◆ **What you have to do**: In the entries below, find the line with "Sculptural white bathroom wall tile" and the line with "تیغ یدک دورکو". Repeat exactly everything between them, those two lines included, but not the pictures.

◆ **Material shown**:
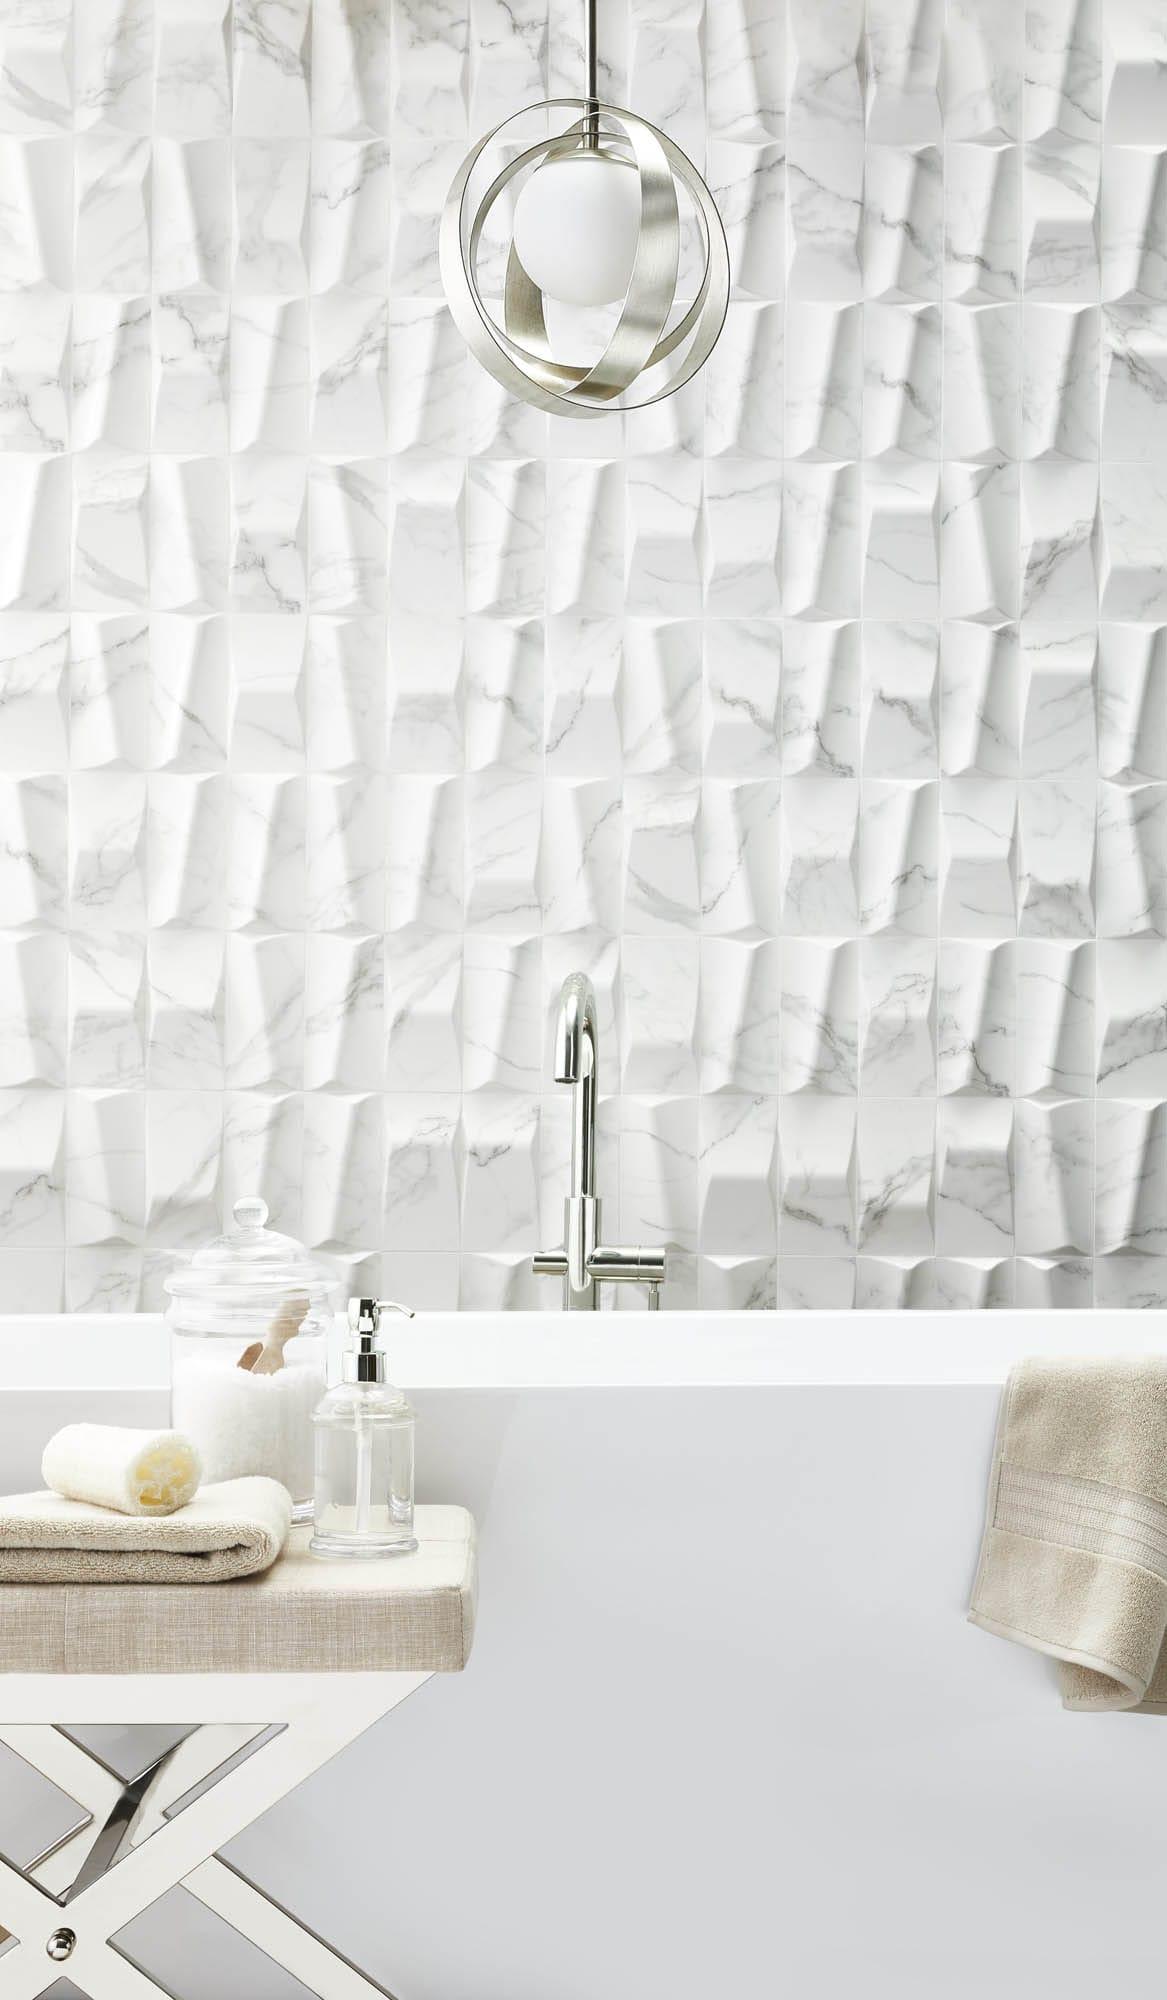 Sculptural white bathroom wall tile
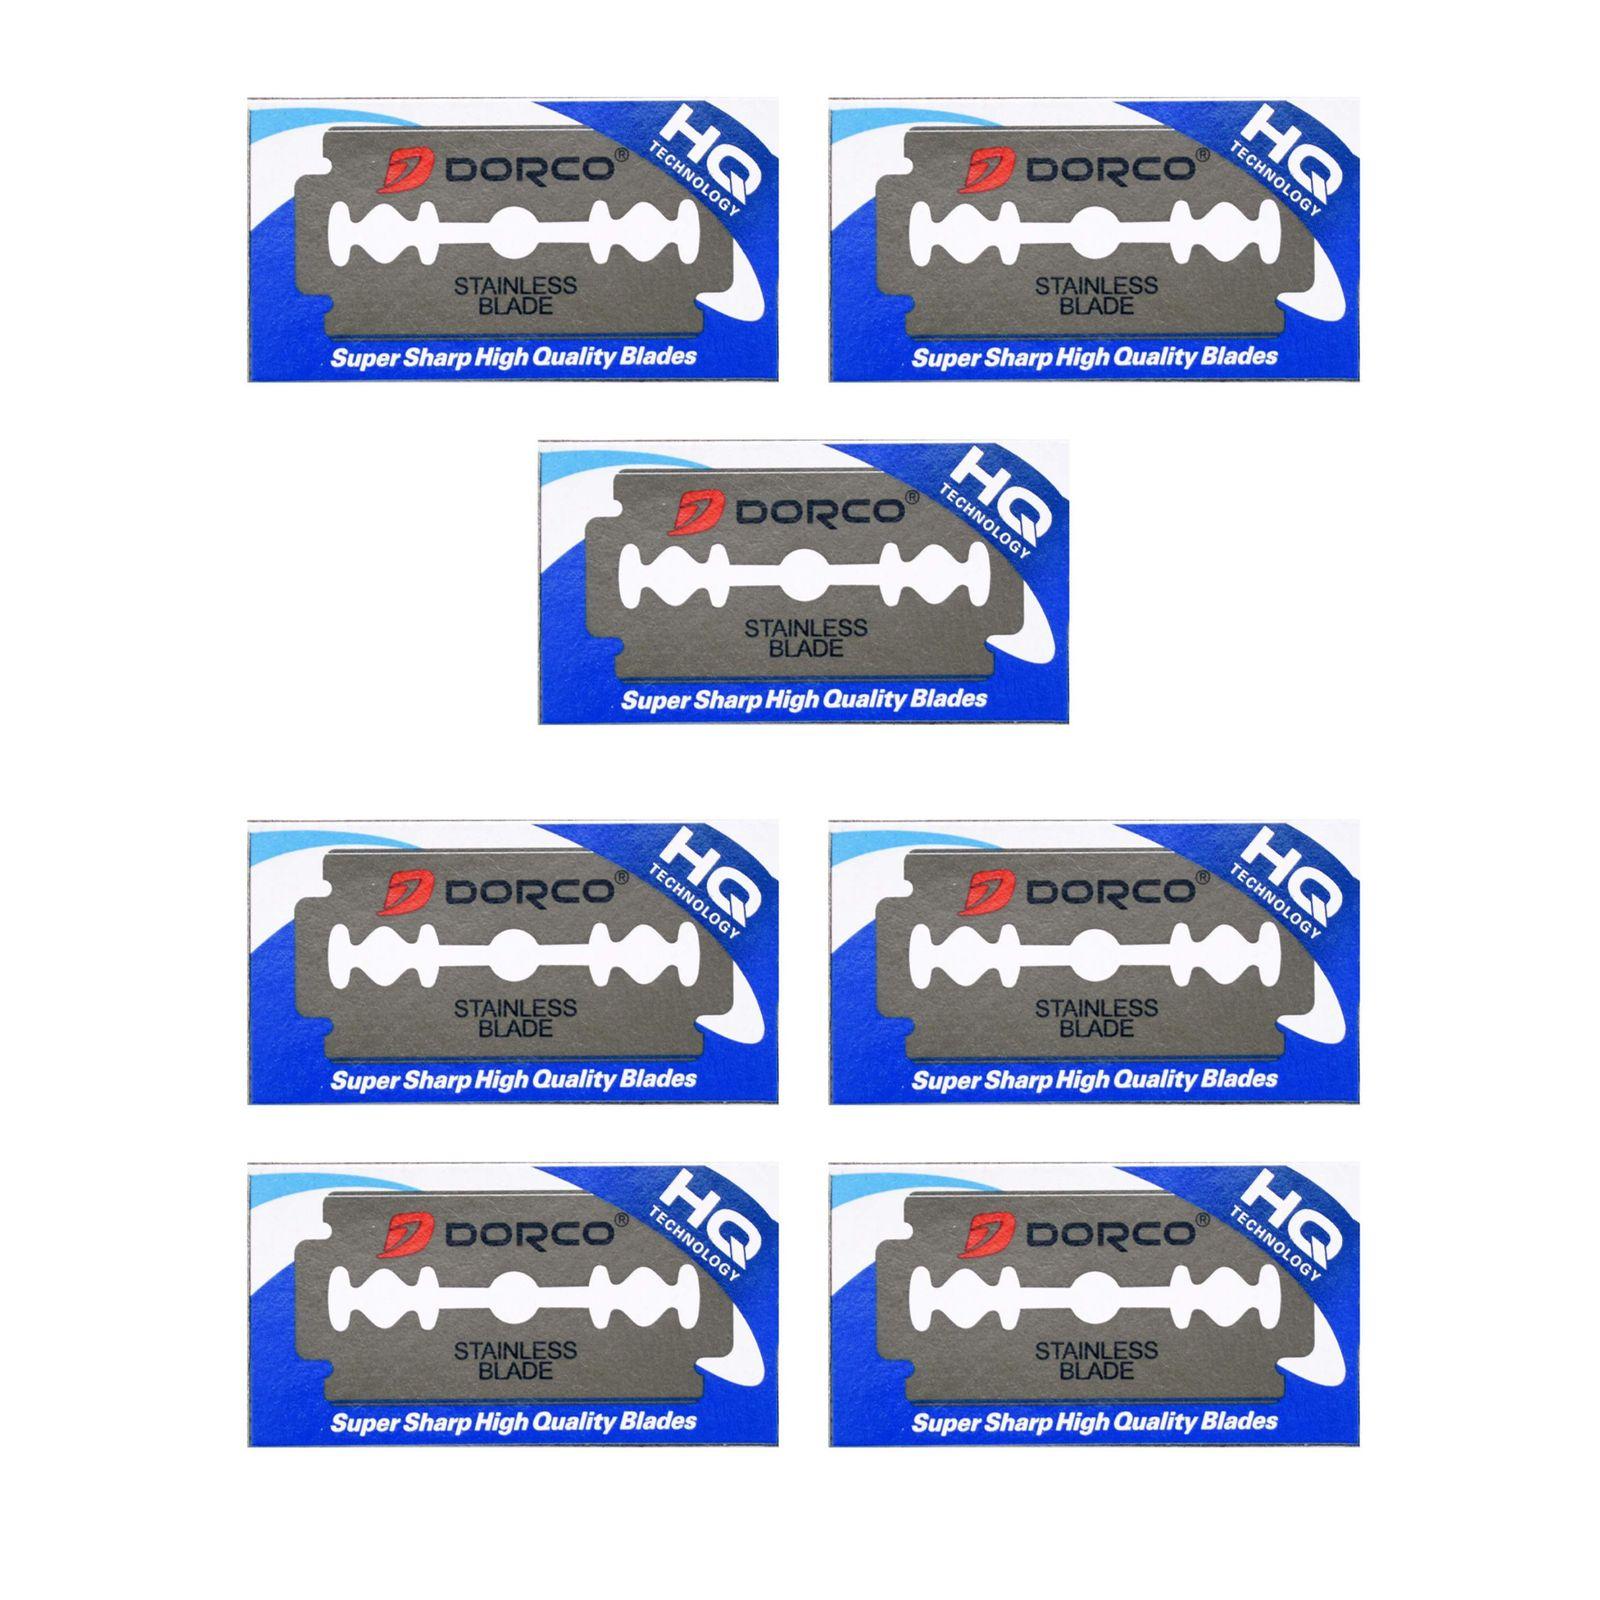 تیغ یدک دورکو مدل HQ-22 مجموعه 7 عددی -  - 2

...

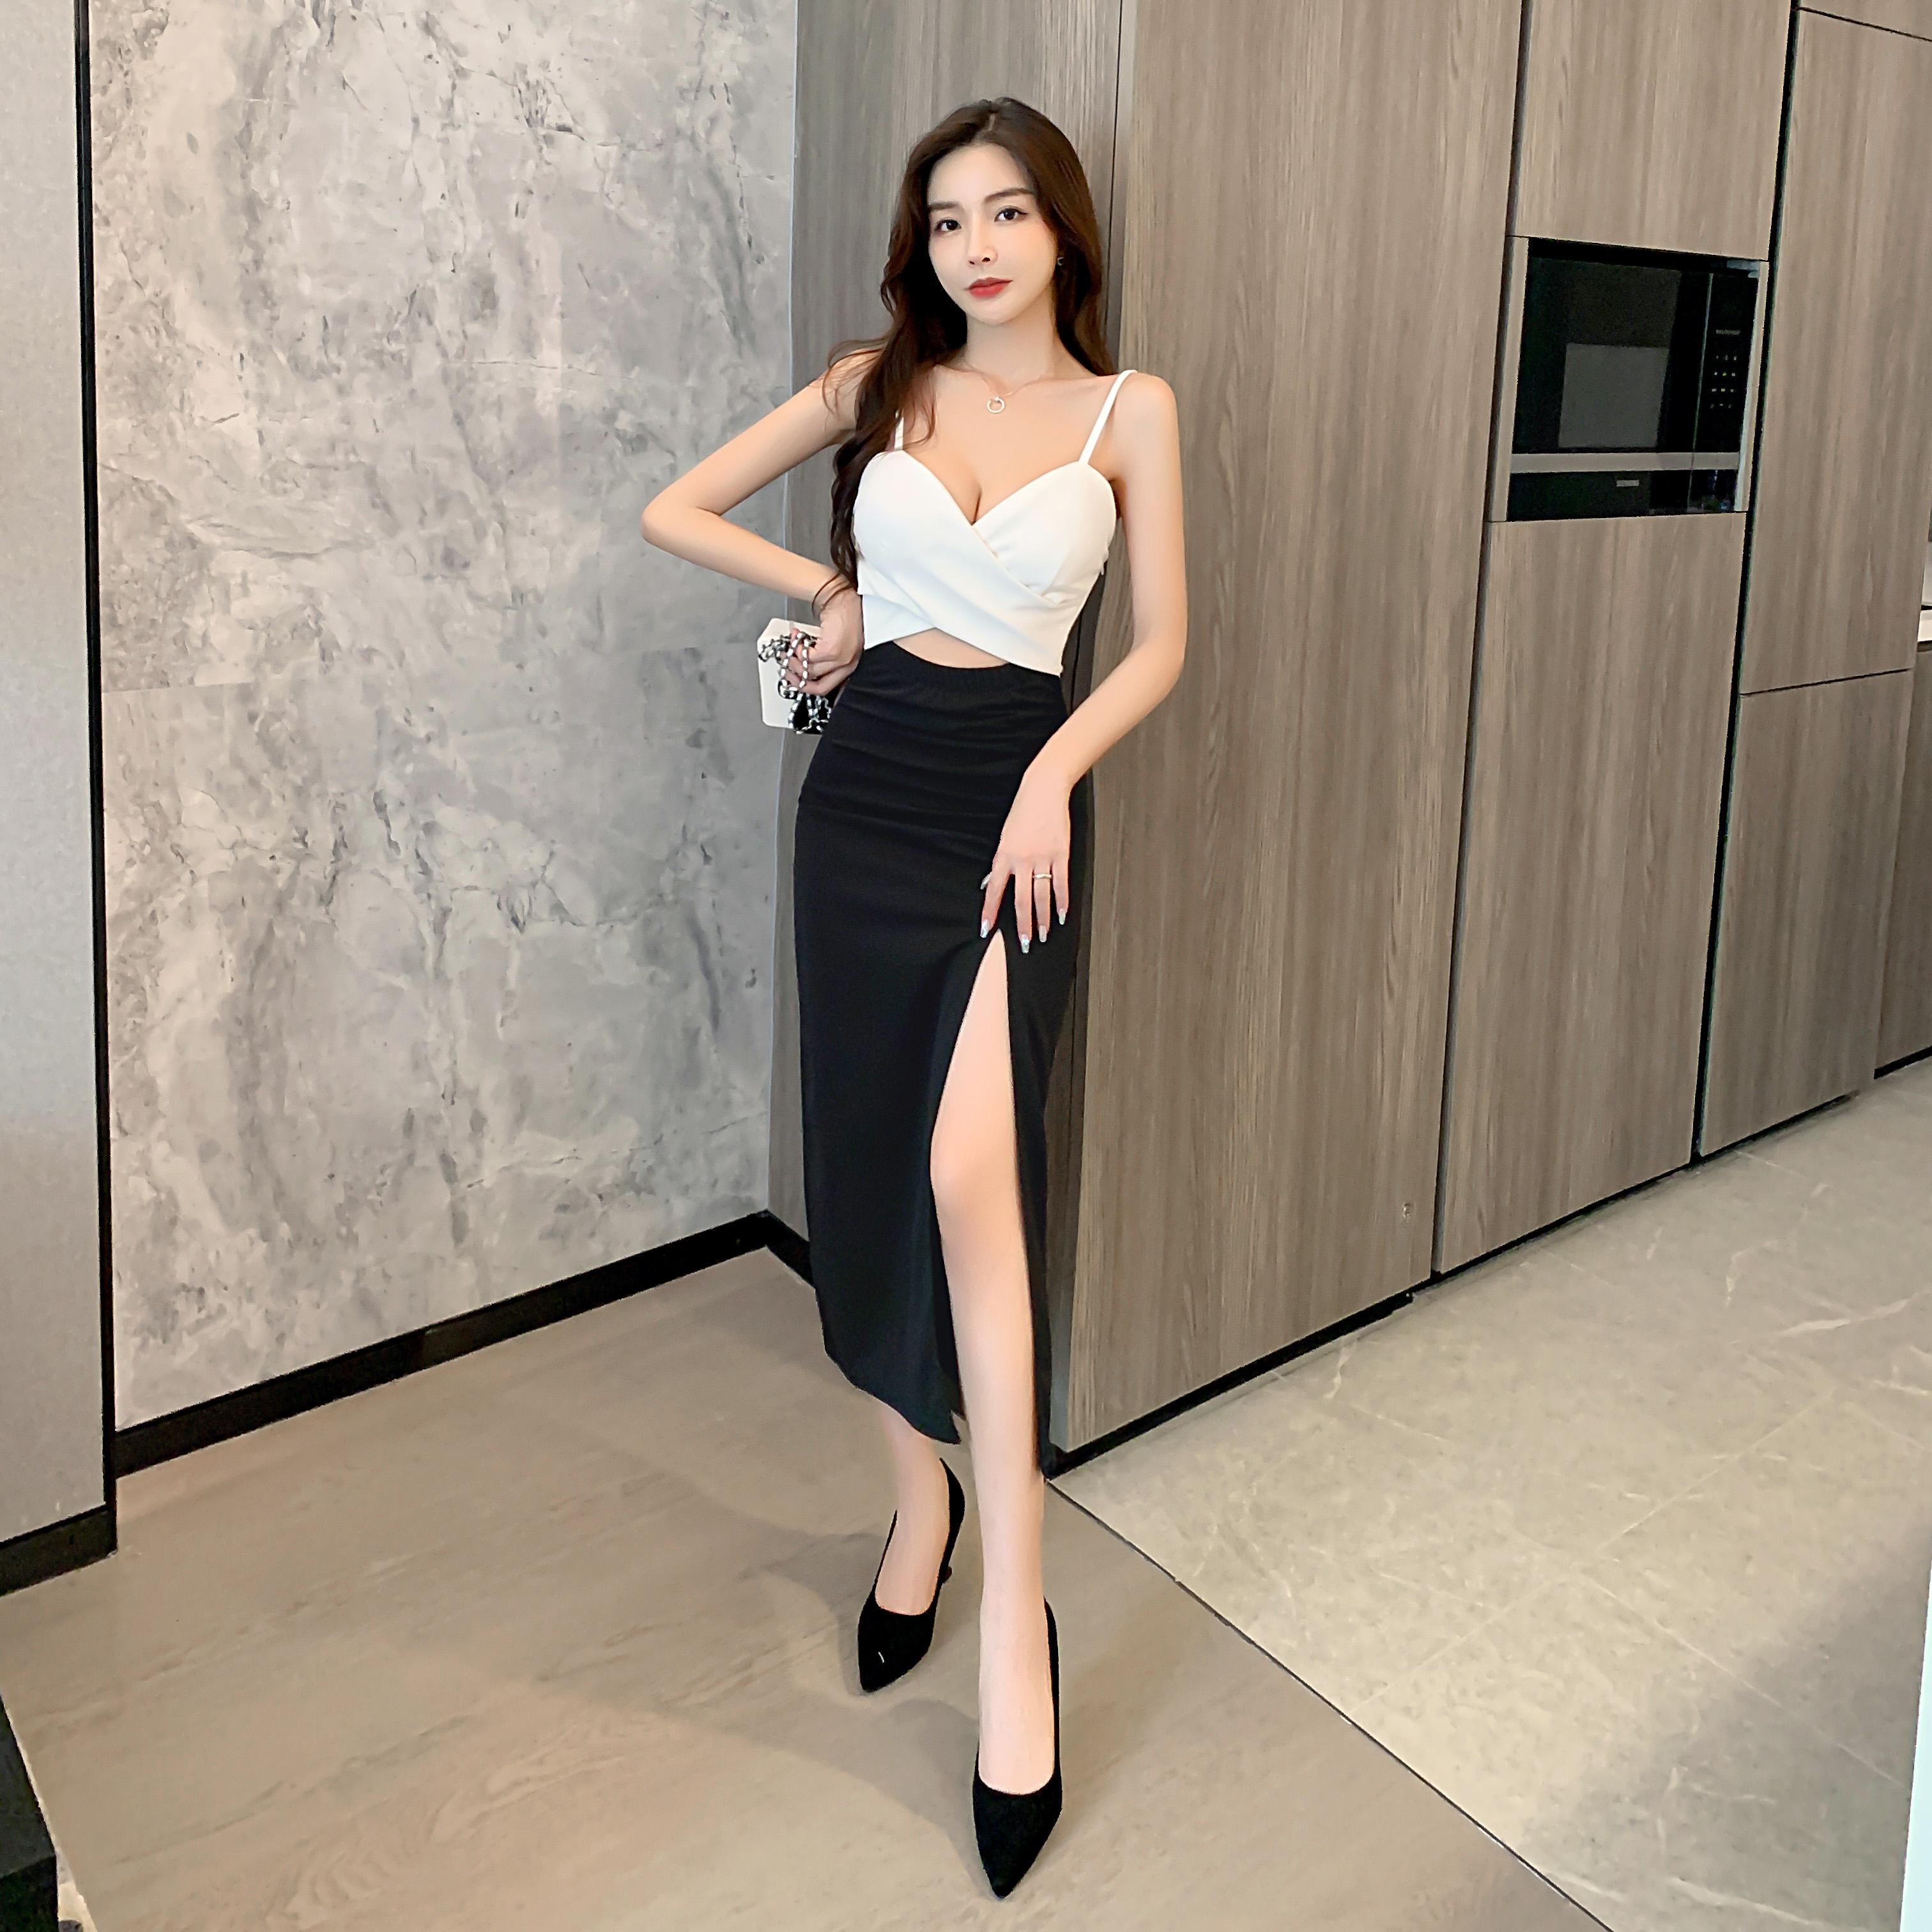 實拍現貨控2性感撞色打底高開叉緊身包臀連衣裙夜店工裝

* * *

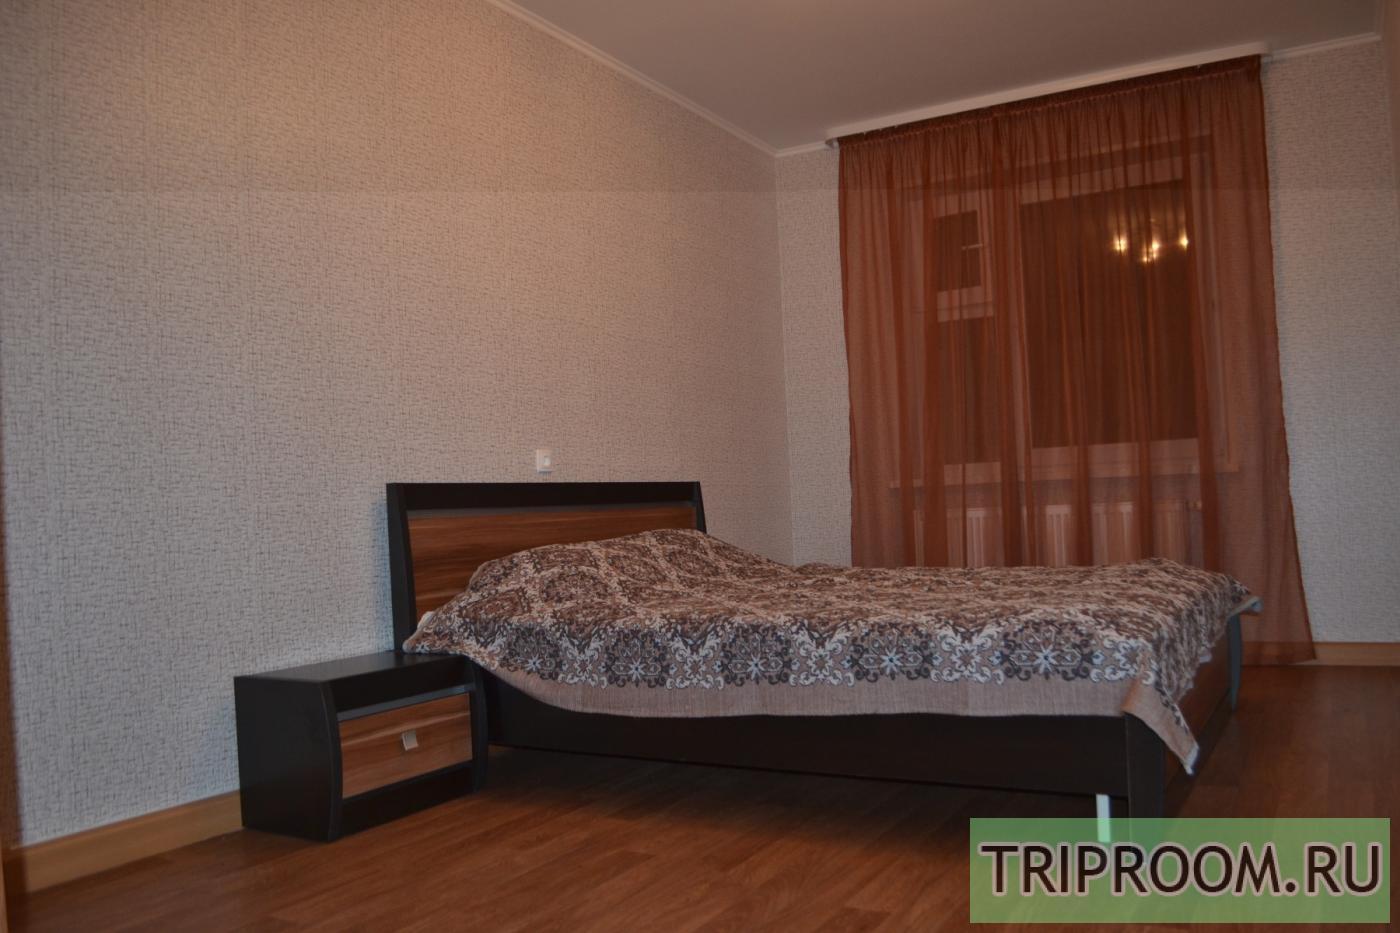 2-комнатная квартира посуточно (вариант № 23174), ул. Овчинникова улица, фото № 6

◆ **Exercise output**:
 Sculptural white bathroom wall tile
 تیغ یدک دورکو مدل HQ-22 مجموعه 7 عددی -  - 2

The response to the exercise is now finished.